In determining whether an appellate court abuses its discretion by dismissing an appeal on the basis of a timely, yet otherwise defective, notice of appeal, the high court considers whether the appellant's mistake was made in good faith, whether prejudice has accrued as a result, whether dismissal constitutes a disproportionate sanction, whether the client is punished for the fault of his counsel, and whether the dismissal frustrates the overriding objective of deciding cases on their merits. Id.

{¶ 17} In this case, appellant failed to identify and attach the November 4, 2004 judgment entry granting summary judgment in favor of Ford; the November 8, 2004 video jury trial order; and the April 7, 2005 journal entry in which the trial court addressed the motions in limine. There is no dispute, however, that appellant's notice of appeal was timely filed. Therefore, appellate jurisdiction has attached and the imposition of any sanction premised upon the defects in the notice of appeal lies within the sound discretion of this Court.

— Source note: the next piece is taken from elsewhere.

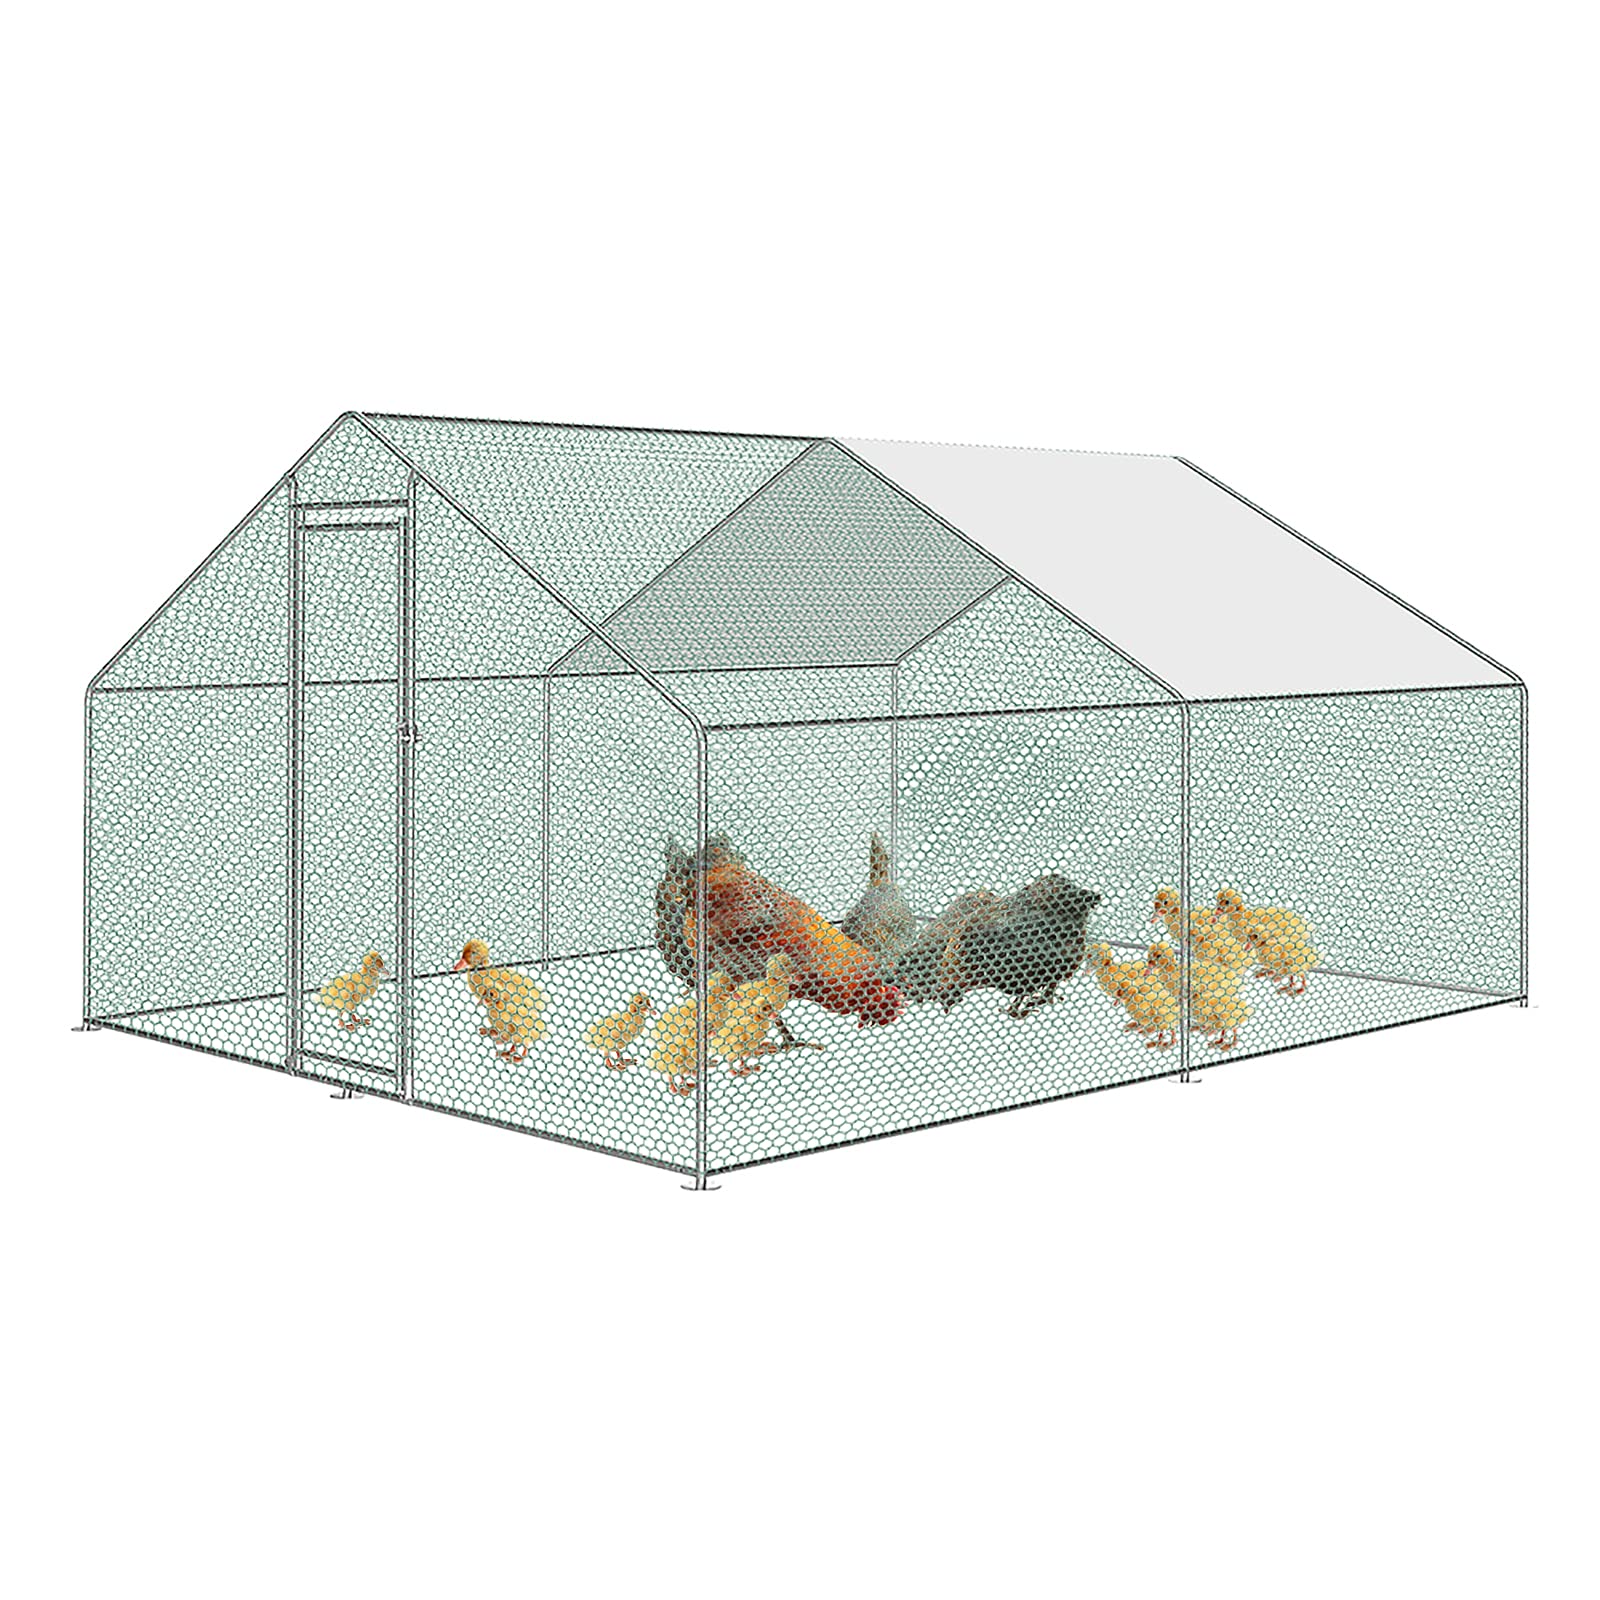 Froadp Hühnerstall Voliere Outdoor Große Freilaufgehege Hühner mit PE-Sonnenschutzhülle Hühnerkäfig Hühnergehege Freilaufgehege mit Verzinktem Stahlrahmen für Kaninchen Hühner Geflügelzucht (3x4x2m)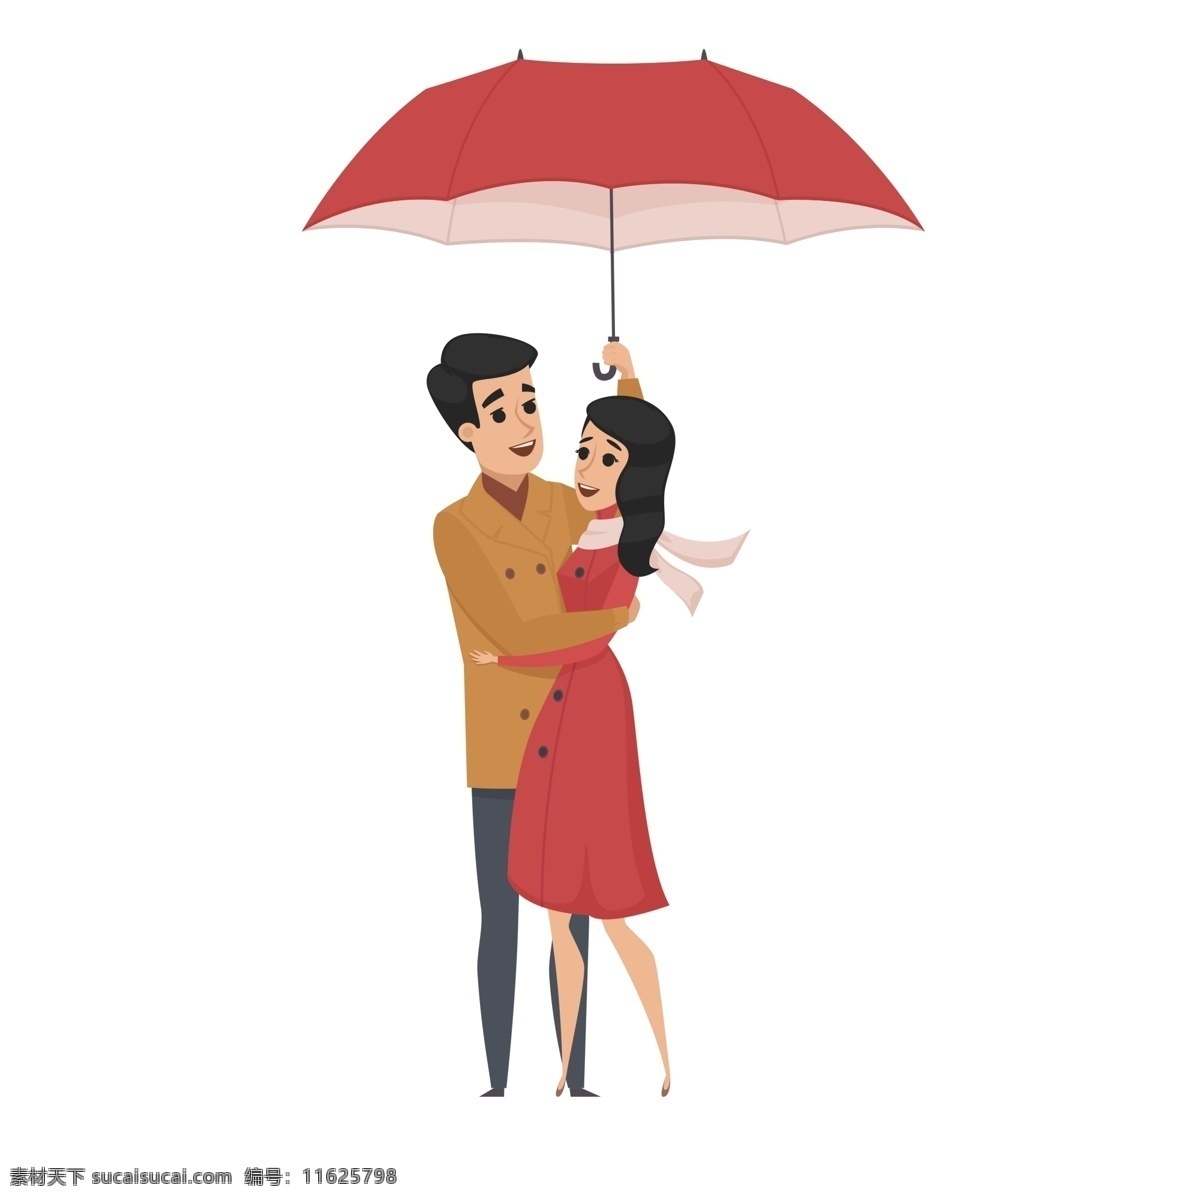 浪漫 雨天 情侣 拥抱 人物 浪漫人物 插画人物 雨天下雨天 情侣拥抱 雨伞下的情侣 可爱恩爱情侣 卡通人物

{¶ 18} Appellant captioned his notice as Lawrence A. Armbruster v. James Hampton, et al., and he certified service of the notice of appeal upon Ford's counsel, as well as counsel for Hampton. Under the circumstances, this Court cannot find that appellant's failure to identify and attach all orders from which he appeals was made in bad faith or that the appellees were prejudiced as a result. Given the overriding objective of deciding cases on their merits, this Court finds that dismissal of the appeal would constitute a disproportionate sanction. Accordingly, we address appellant's assignments of error on their merits.

III. ASSIGNMENT OF ERROR I

"THE TRIAL COURT ERRED AND ABUSED ITS DISCRETION IN GRANTING SUMMARY JUDGMENT TO APPELLEE FORD MOTOR COMPANY."

{¶ 19} Appellant argues that the trial court erred by granting summary judgment in favor of appellee Ford, thereby dismissing all claims against Ford. This Court disagrees.

{¶ 20} This Court reviews an award of summary judgment de novo. Grafton v. Ohio Edison Co. (1996), 77 Ohio St.3d 102, 105. This Court applies the same standard as the trial court, viewing the facts in the case in the light most favorable to the non-moving party and resolving any doubt in favor of the non-moving party. Viock v. Stowe-Woodward Co. (1983), 13 Ohio App.3d 7, 12.

{¶ 21} Pursuant to Civ.R. 56(C), summary judgment is proper if:

"(1) No genuine issue as to any material fact remains to be litigated; (2) the moving party is entitled to judgment as a matter of law; and (3) it appears from the evidence that reasonable minds can come to but one conclusion, and viewing such evidence most strongly in favor of the party against whom the motion for summary judgment is made, that conclusion is adverse to that party." Temple v. Wean United, Inc. (1977), 50 Ohio St.2d 317, 327.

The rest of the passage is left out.